My dev laptop is an 8GB M1. It's fine. Mostly.

I can't run podman, slack, teams, and llama3-8B in llama.cpp at the same time. Oddly enough, this is rarely a problem.


At this point I don't think the frustration has much to do with the performance but rather RAM is so cheap that intentionally creating a bottleneck to extract another $150 from a customer comes across as greedy, and I am inclined to agree. Maybe the shared memory makes things more expensive but the upgrade cost has always been around the same amount.

It's not quite in the same ballpark as showing apartment or airfare listings without mandatory fees but it is at the ticket booth outside of the stadium.


The bigger problem is when you need a new machine fast, the apple store doesn't have anything but the base models in stock.

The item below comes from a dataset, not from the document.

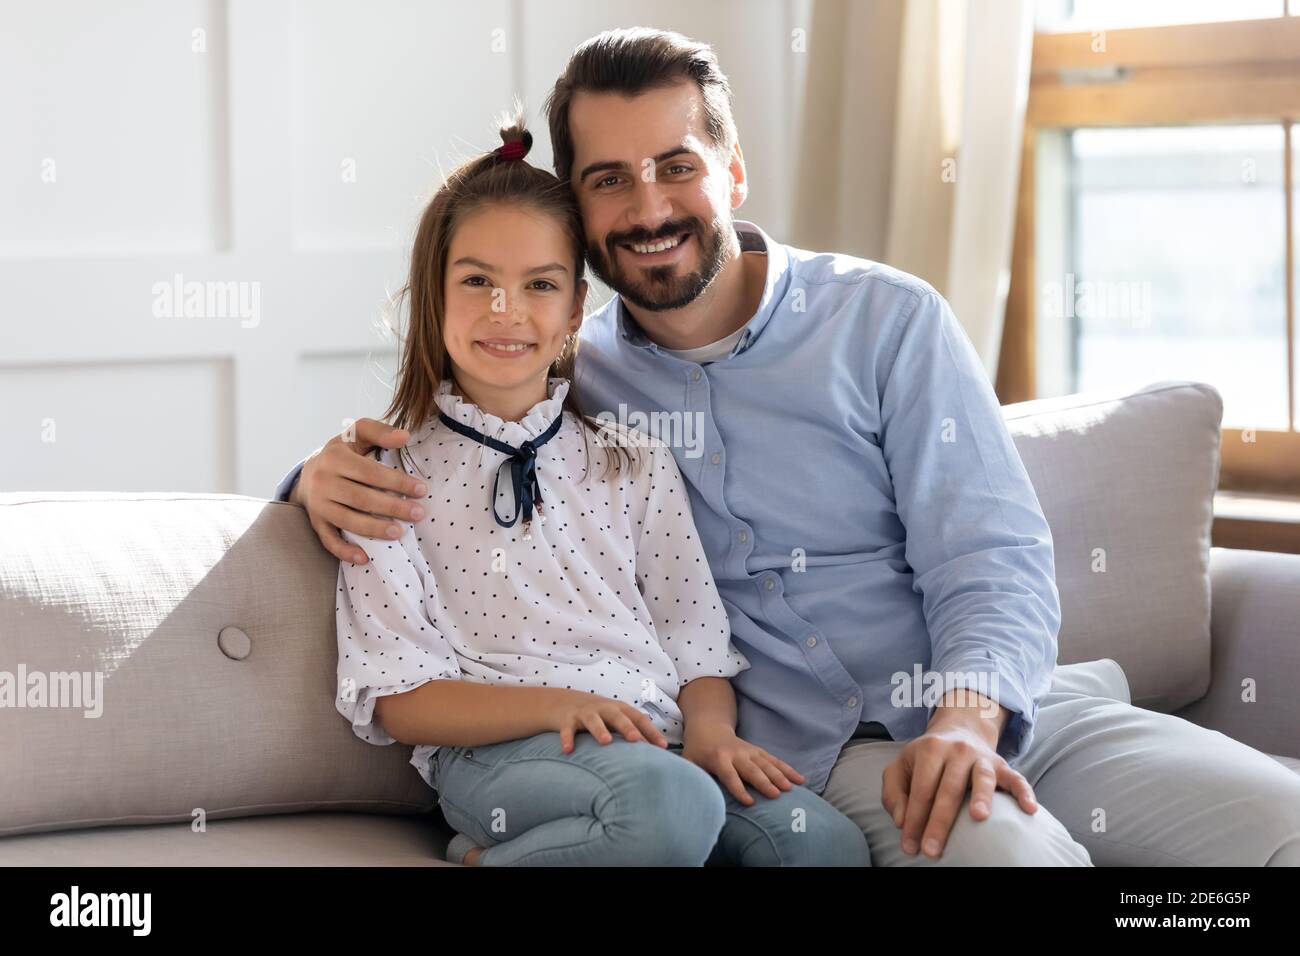 Portrait of loving dad and daughter relax at home Stock Photo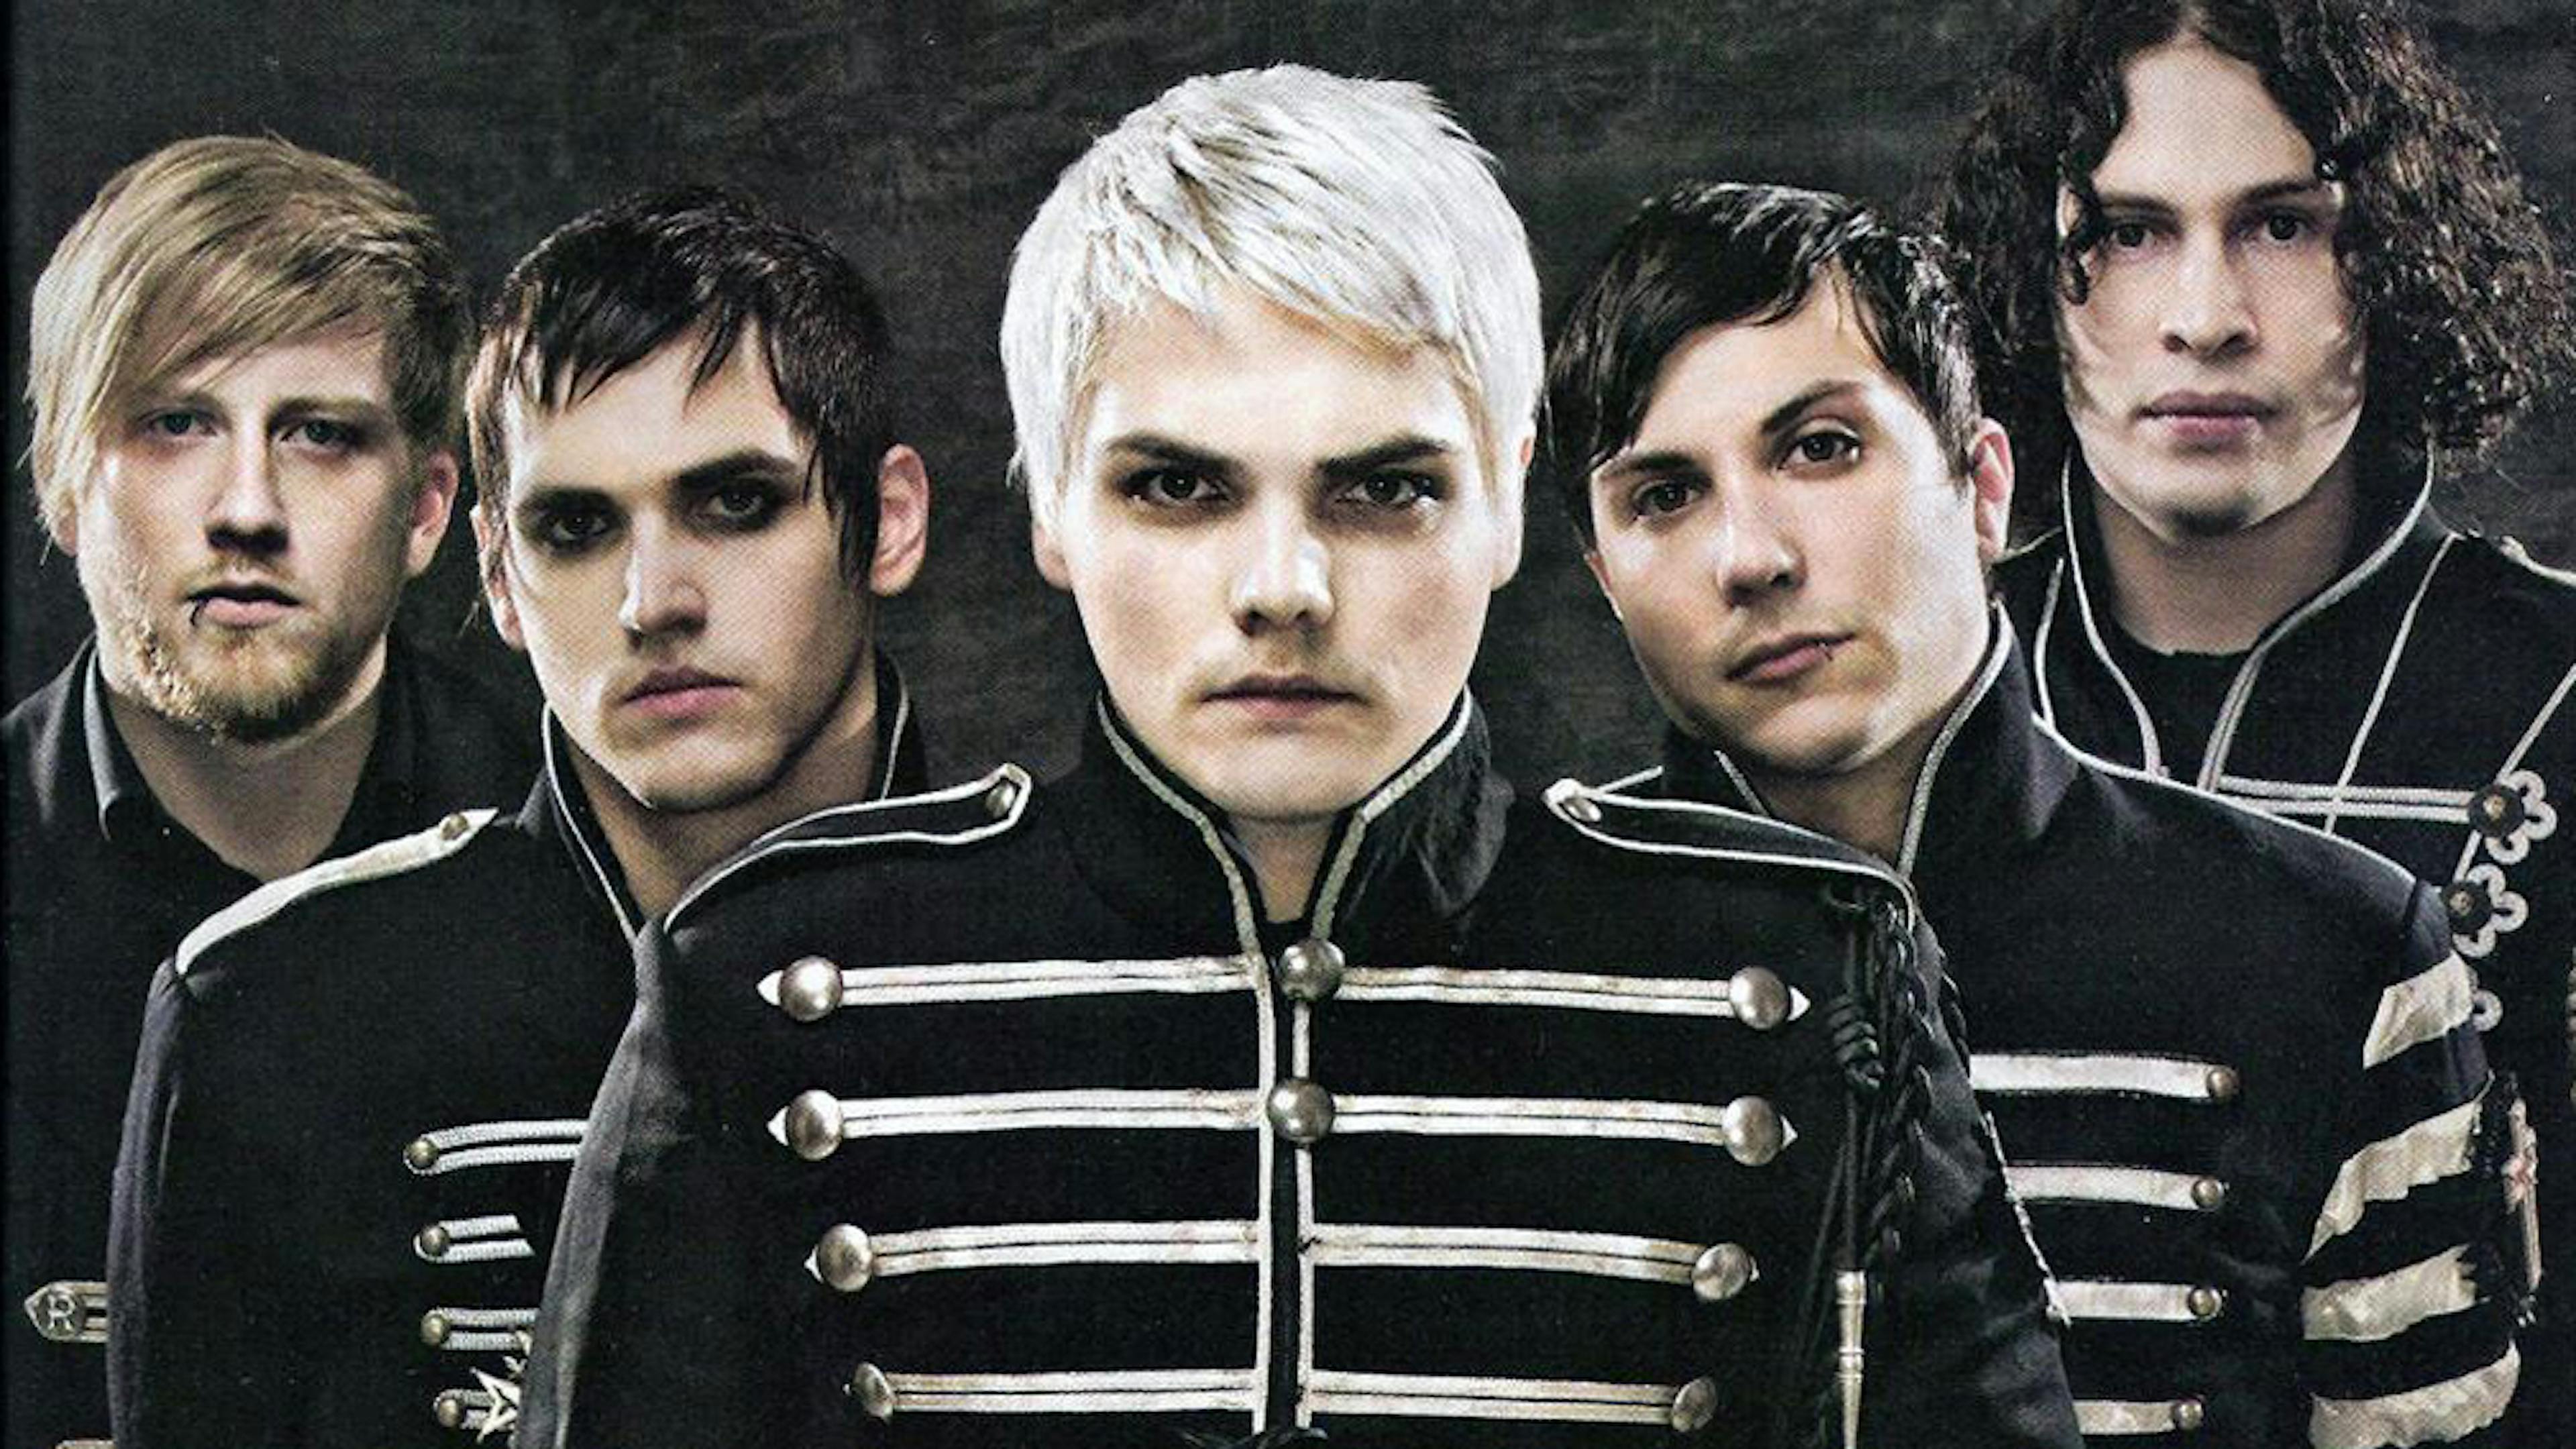 Listen: Gerard Way reflects on My Chemical Romance's Welcome To The Black Parade on new podcast

In my org we bought a machine for a new developer who was leaving town, and were forced to buy an 8gb machine because the store didn't have other options (it was going to be a 2 week wait). As you can imagine, the machine sucked for running Docker etc and we had to sell it on facebook marketplace for a loss.


I've never encountered an actual Apple Store not having specced up machines on hand (maybe not EVERY possible configuration, but a decent selection). If you go to a non-Apple retailer, afaik, they are limited to the base spec machines (RAM wise), it's not even a matter of them being out of stock. If you want anything other than 8GB (or whatever the base amount is for that model) of RAM you need to go through Apple directly. This was the case, at least in Canada a few years ago, correct me if I'm wrong/things have changed.


Mine is 8GB M1 and it is not fine. But the actual issue for me isn't RAM as much as it is disk space, I'm pretty confident if it wasn't also the 128 GB SSD model it would handle the small memory just fine.

I'm still getting at least 16 GB on my next one though.


Yeah personally I find cheaping out on the storage far more egregious than cheaping out on the RAM. Even if you have most things offloaded onto the cloud, 128 GB was not even enough for that, and the 256 GB is still going to be a pain point even for many casual home users, and at the price point of Apple machines it's inexcusable to not add another $25 of flash


Both are disgusting for the price asked. It would be a lot easier to excuse all the other compromises if the base was 16/512, which would cost Apple like 50 bucks tops per machine. But greed is unlimited, I guess.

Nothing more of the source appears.